Discussion in 'Data Sets and Feeds' started by mizhael, Jun 10, 2010.

  1. ET151

    ET151

    I have not tested it out yet, but Tokyo Cabinet claims to store 1 million records in under a second (hash table mode) or 1.6 seconds for B-Tree mode. Are you sure PostGRESQL can keep up with that even without consistency checks? Million record stores in 1.6 seconds is pretty damn fast.

    http://www.igvita.com/2009/02/13/tokyo-cabinet-beyond-key-value-store/

    It's doesn't look too hard to setup so I hope to test it out soon.

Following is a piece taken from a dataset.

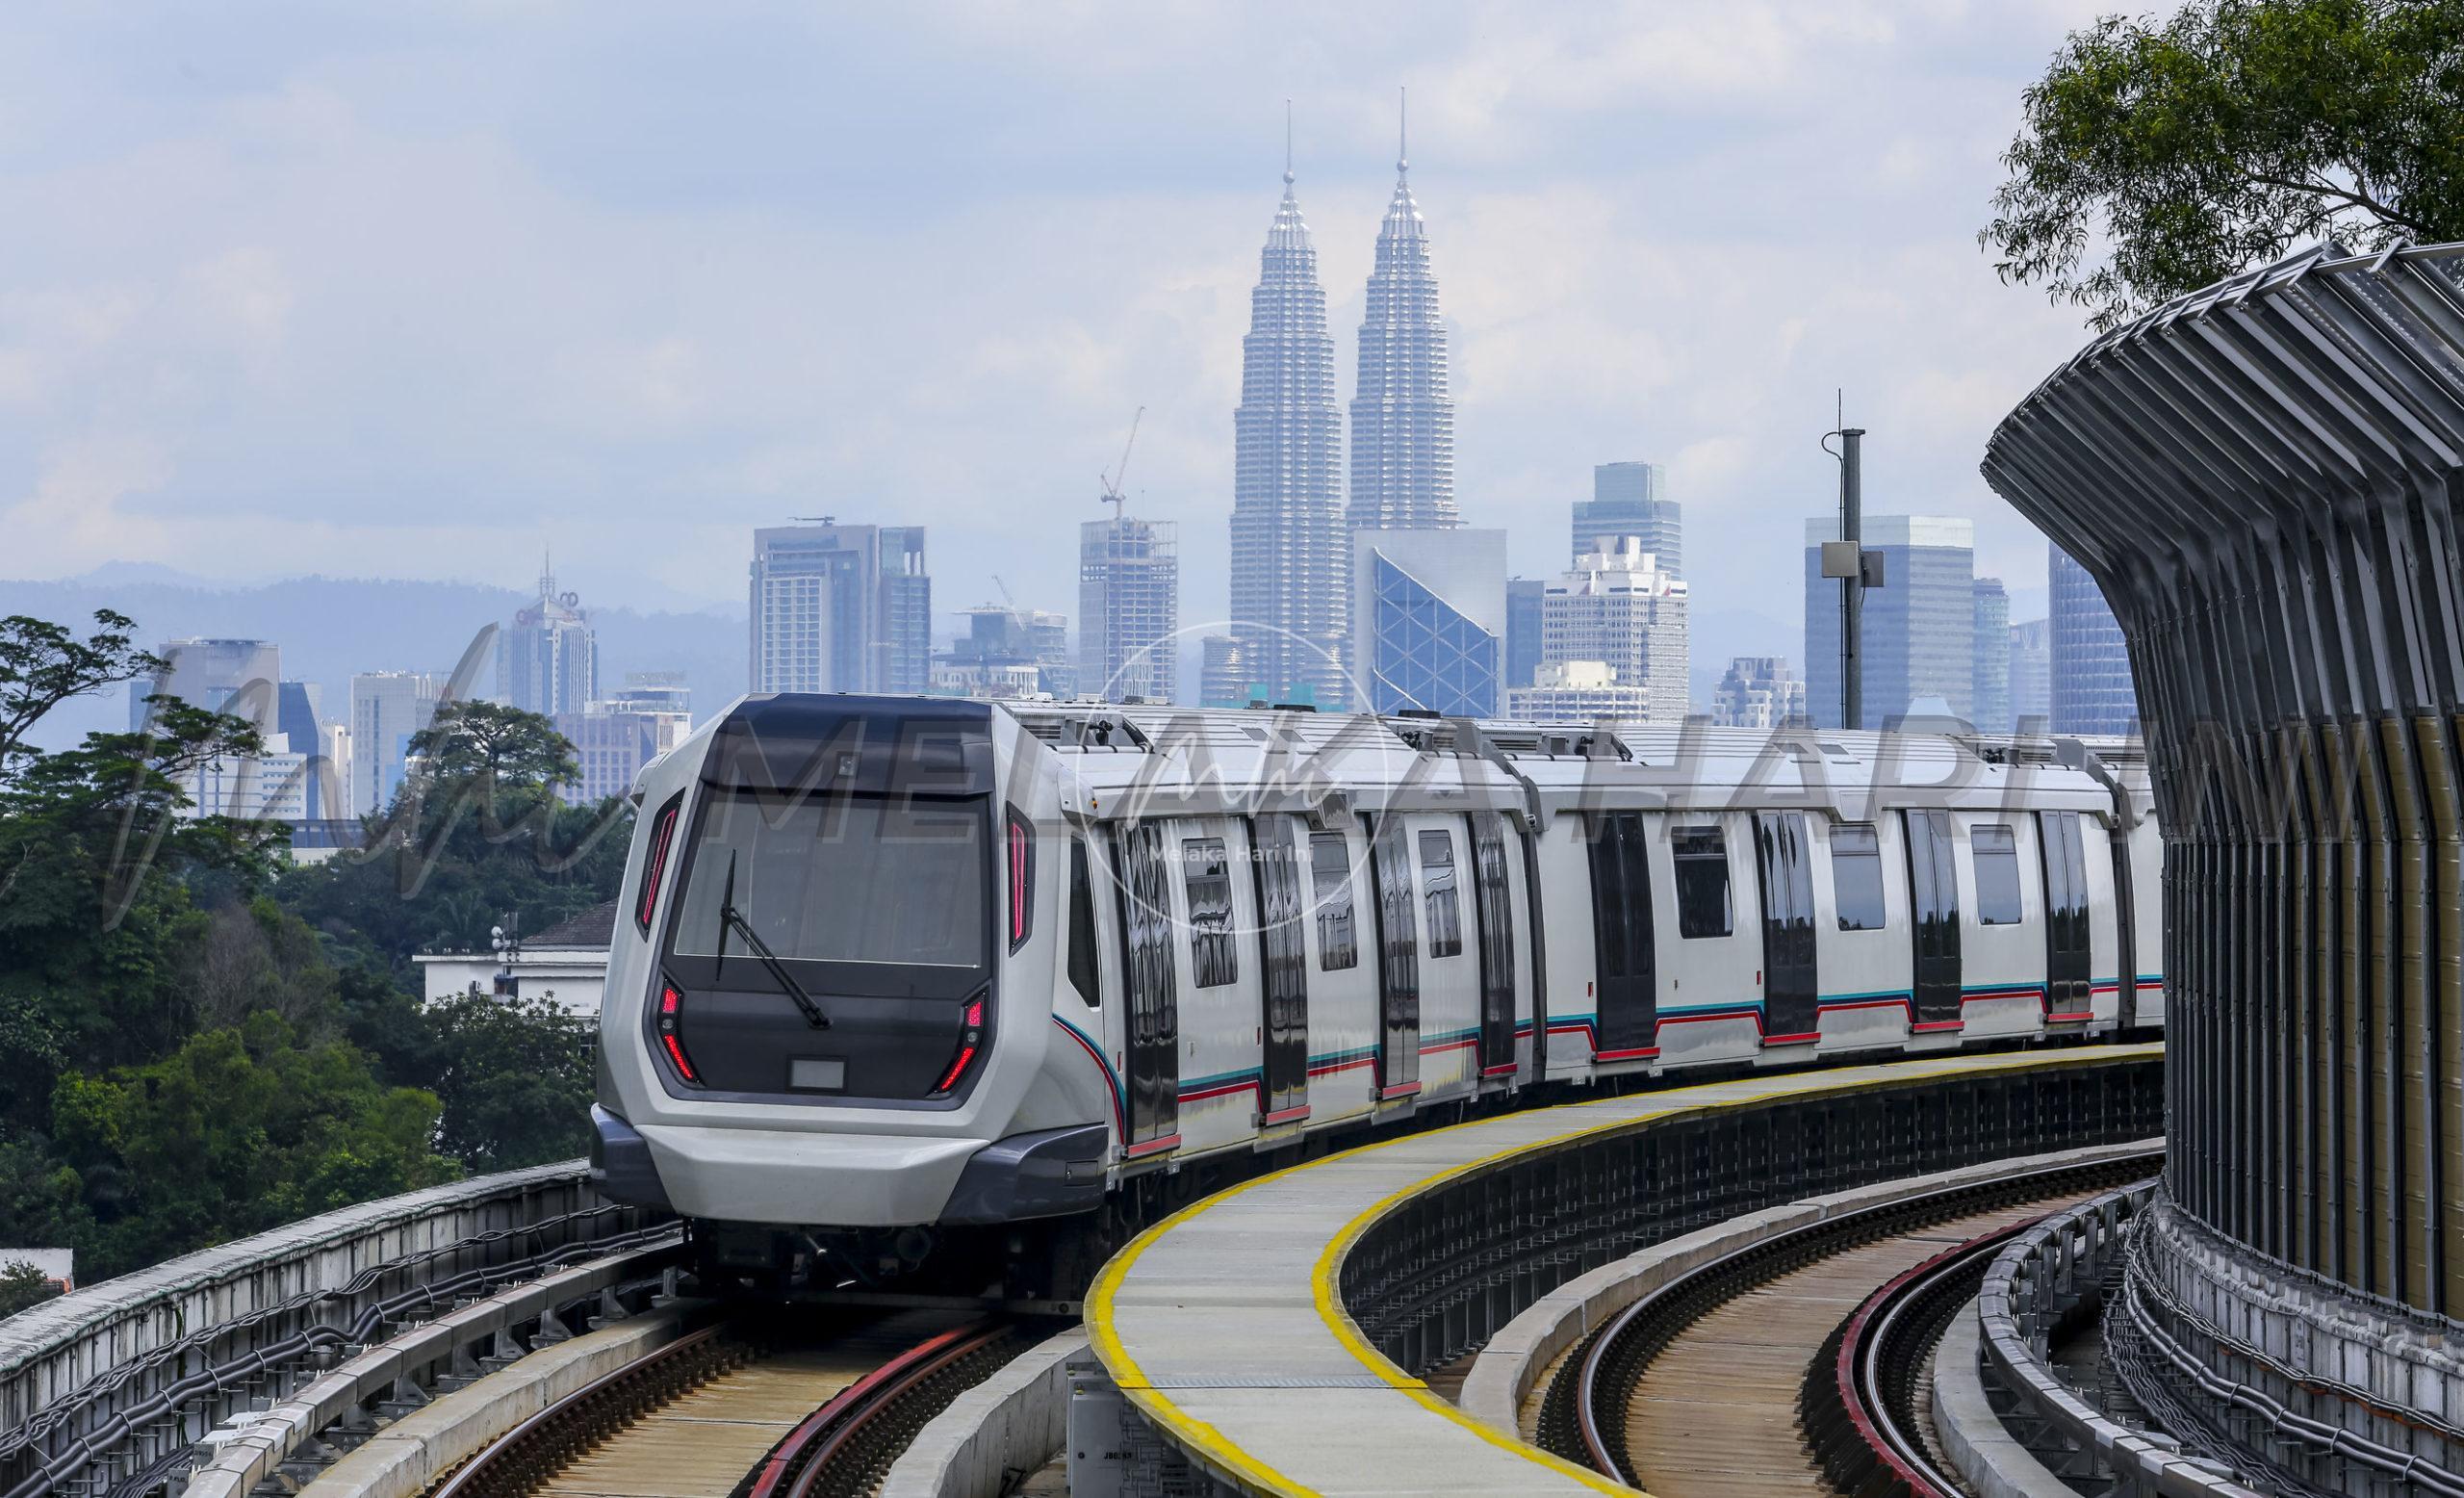 Malaysia Mrt Train

    Update: I checked, even SQLLite claims to be much faster than PostgreSQL. (http://www.sqlite.org)/speed.html)
     
    #61     Jul 10, 2010
  2. nbates

    nbates

    solid state drives & flat files...a database in the path of execution or anywhere near market data is a pox on quality
     
    #62     Jul 10, 2010
  3. ET151

    ET151

    nbates, I've asked this question in another thread...if you go with flat files, are you able to access data in that file while the file is being written? Benefit of database is that you can read and write to it concurrently (single writer, multiple reader).
     
    #63     Jul 10, 2010
  4. ET151

    ET151

    Umm...just found something better than Tokyo Cabinet...

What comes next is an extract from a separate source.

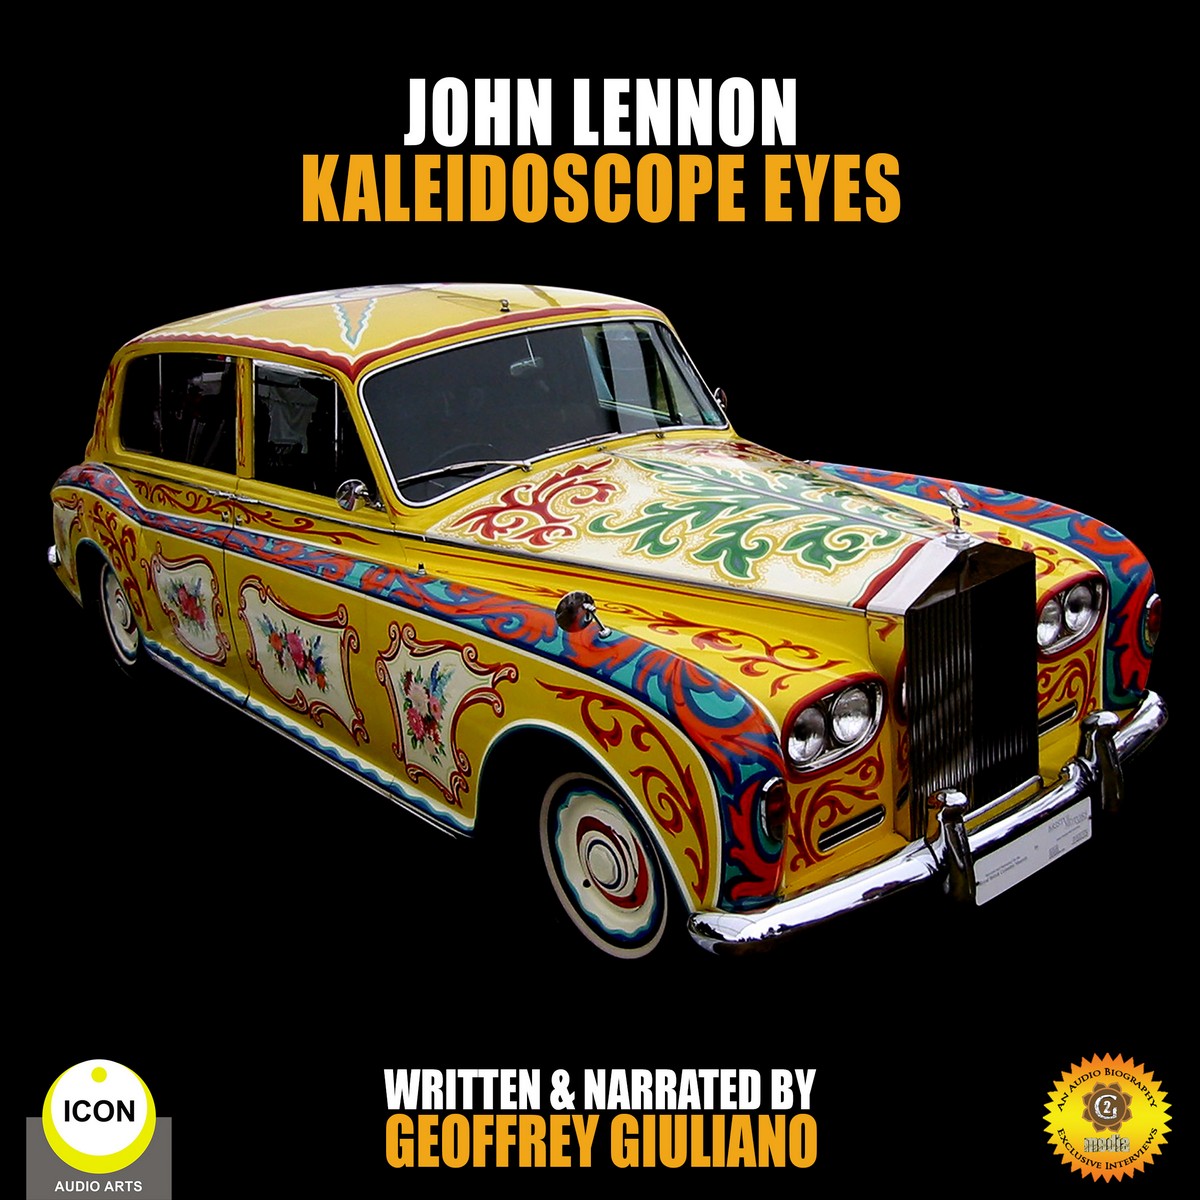 John Lennon Kaleidoscope Eyes

    http://1978th.net/kyotocabinet/

    (http://1978th.net/tech-en/promenade.cgi?id=7)
     
    #64     Jul 10, 2010
  5. nbates

    nbates

    It really does not matter whether or not you have asked the question in another thread, I answered it in this one and a database is "nothing more" than a flat file for those who do not know and/or understand how do use threads and critical sections to implement concurrent store and fetch trade history and time-series storage systems.

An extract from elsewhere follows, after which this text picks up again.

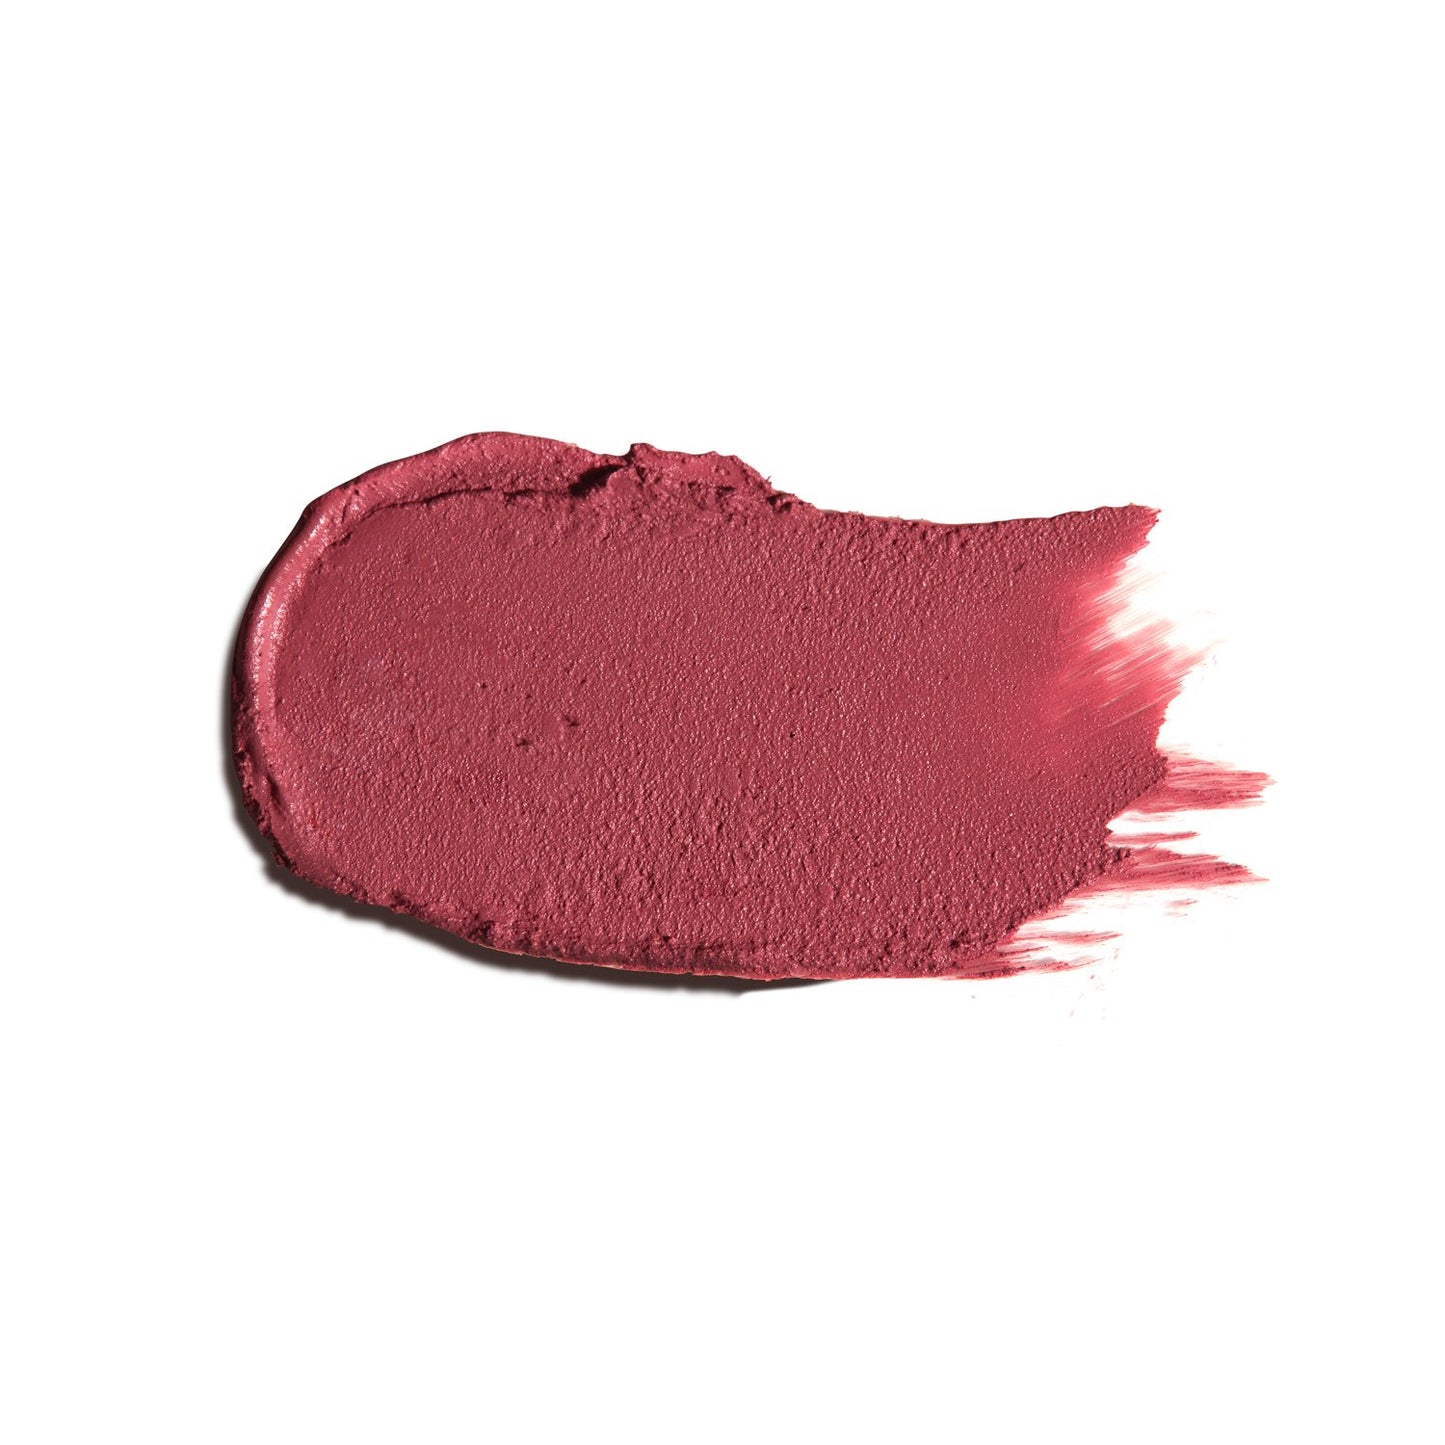 Full Bloom Sculpted Lipstick  Ogee Luxury Organic Skincare

    Database is one-size fits ALL, don't try running the 100 yard dash expecting to win in those shoes at the Olympics, lol
     
    #65     Jul 10, 2010
  6. ET151

    ET151

    Yes, but as I asked previously, are you actually able to read all the information that you have written to your flat file while it is open and you are writing to it without having cached all the contents of the file in memory? Question here is whether it is worth developing such code or simply use a very powerful database solution that I can have running in less than a day. I can always write to the database during the week and then dump to a file when market closes. Not claiming that this is the ultimate, final approach, but I like leveraging other people's work as much as possible.
     
    #66     Jul 10, 2010
  7. nbates

    nbates

    Good question!

    The approach I've found best is to cache in memory a certain amount of data and periodically based on time or the amount push chunks out to disk appending to a file. When requests come from the client application and more than what's currently in cache is required, read the file and append what's current in the memory cache, if there is any, to the stored data that was fetched.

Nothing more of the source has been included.